Now here is the funny part, one day I asked them what is EOD for SCB? Is it 4pm, 5pm? And they had absolutely no clue what End of day is. They are just told to say, “End of day”. If you call after 6pm, they will tell you, “…everyone has left for the day and someone will get back to you by tomorrow positively”.
Only way to make them call you is to place a call back request and hope to get a call back the following day. Note: If you do not get a callback within 24hrs and you call the customer care, the call back request will be treated as complete and will be closed
Proof: My conversation with Moni in Escalations team is proof of the same. She was hell-bent on closing a callback request whose SLA was expiring their “EOD”. No request to keep the callback request open will be entertained. You can call the team after sometime and be rest assured that the call back request was closed
The team has the freedom to raise as many tickets (Reference numbers) as they please. This is because every ticket they give you buys them time
Proof: Number of requests I have raised in the just 2 months
Toll free number will connect you randomly to either their Chennai office or the Bangalore office based on availability. So a promise made by a floor manager/supervisor/team lead in one office cannot be followed by his/her counterpart in another office. There is no facility to route the call to the other office or get information for you. You the customer has to place a call back request and wait 24 hours for a reply.
Other option is to keep calling or keep your fingers crossed to get connected to the branch you want and hope the person is in office. Some people like supervisor, Mr. Manjunath comes to office only at 12 noon (he himself said this) and will not be available after 6pm
Any promise of personal follow-up from SCB is useless as you still have to call them and remind them
Proof: My interaction with Mr. Manjunath R and Miss. Arthy Jaganathan
Credit card:
This is one of the most notorious cards I have seen till date.
Ensure the free credit card given to you is used at least 4 times within the first 3 months period or so. Else you will be levied a charge of Rs.250/- for non-usage
Want to talk to their customer care more than two times in a month? Be ready to flush Rs.50/- per call from the 3rd call you make
Redeem all your points – get the gifts – wait for the statement to get generated – pay the outstanding amount and place a request for closure of card. Theoretically, after 7 working days, the card is closed. But SCBs systems are so good, that the redemption fee of Rs. 111.24/- can appear after 2 months. Now that your card is closed, the only way to make the payment is, you the customer must take the pain of either going to the bank or an ATM with a cheque. Wow!

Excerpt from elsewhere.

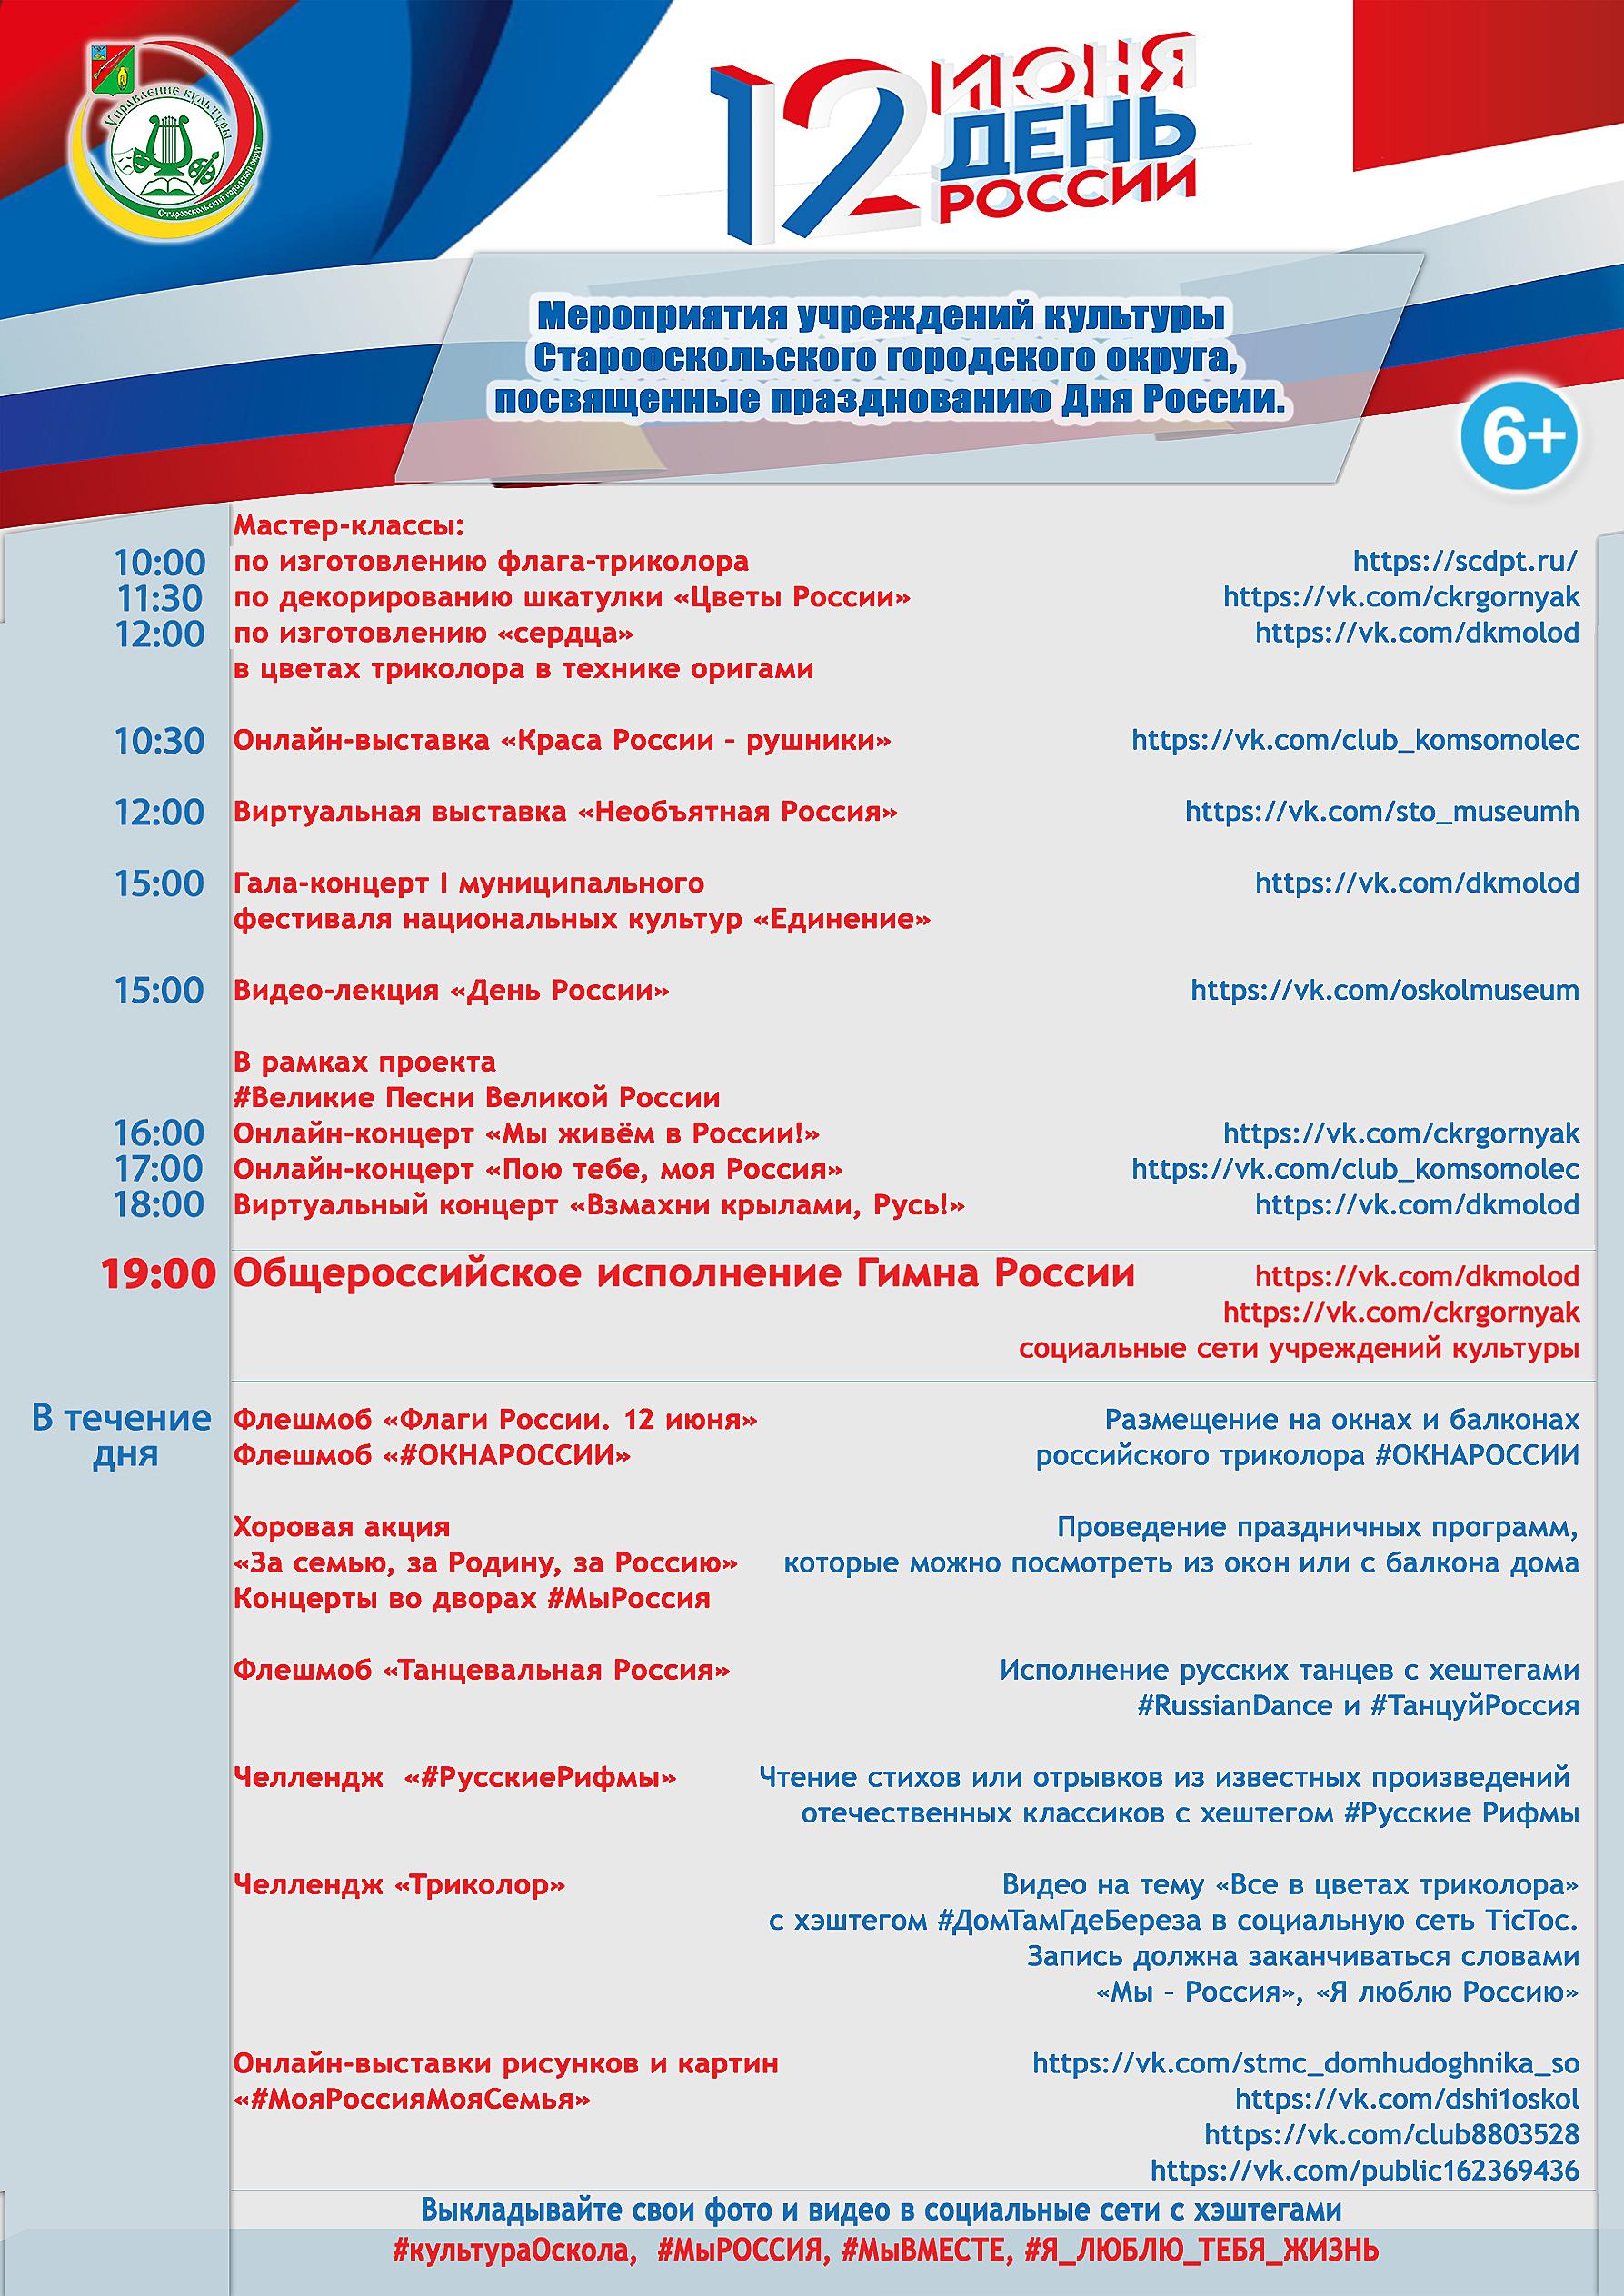 афиша мероприятий 12 июня 2020 года

By the way, when asked about this to the customer care, they do not accept it is their fault, they still hold you responsible. If this amount came up after 6 months, you still owe the bank. The bank is not responsible for you having closed the card long back
CEO’s office:
I was so pissed off with the customer care team that I decided to let the CEO India & South Asia Operations, Mr. Sunil Kaushal know about the service quality so others don’t have to suffer like me. Guess what!
Not even a courtesy acknowledgement mail from CEOs office. Nice email etiquette for a British multinational banking and financial services company
First time I mailed about the quality of loan process, second time it was about the quality of credit card process. In this mail, I requested indirectly for a courtesy acknowledgement. So the mail was forwarded to the same team I was interacting with and they acknowledged receiving the mail
Conclusion:
If you choose SCB, be ready to face some or all of this. If you found reading this long post was pain, you can understand how much pain I was put through by this bank in just 2 months.
***Will post the typical process flow for loan closure in SCB shortly.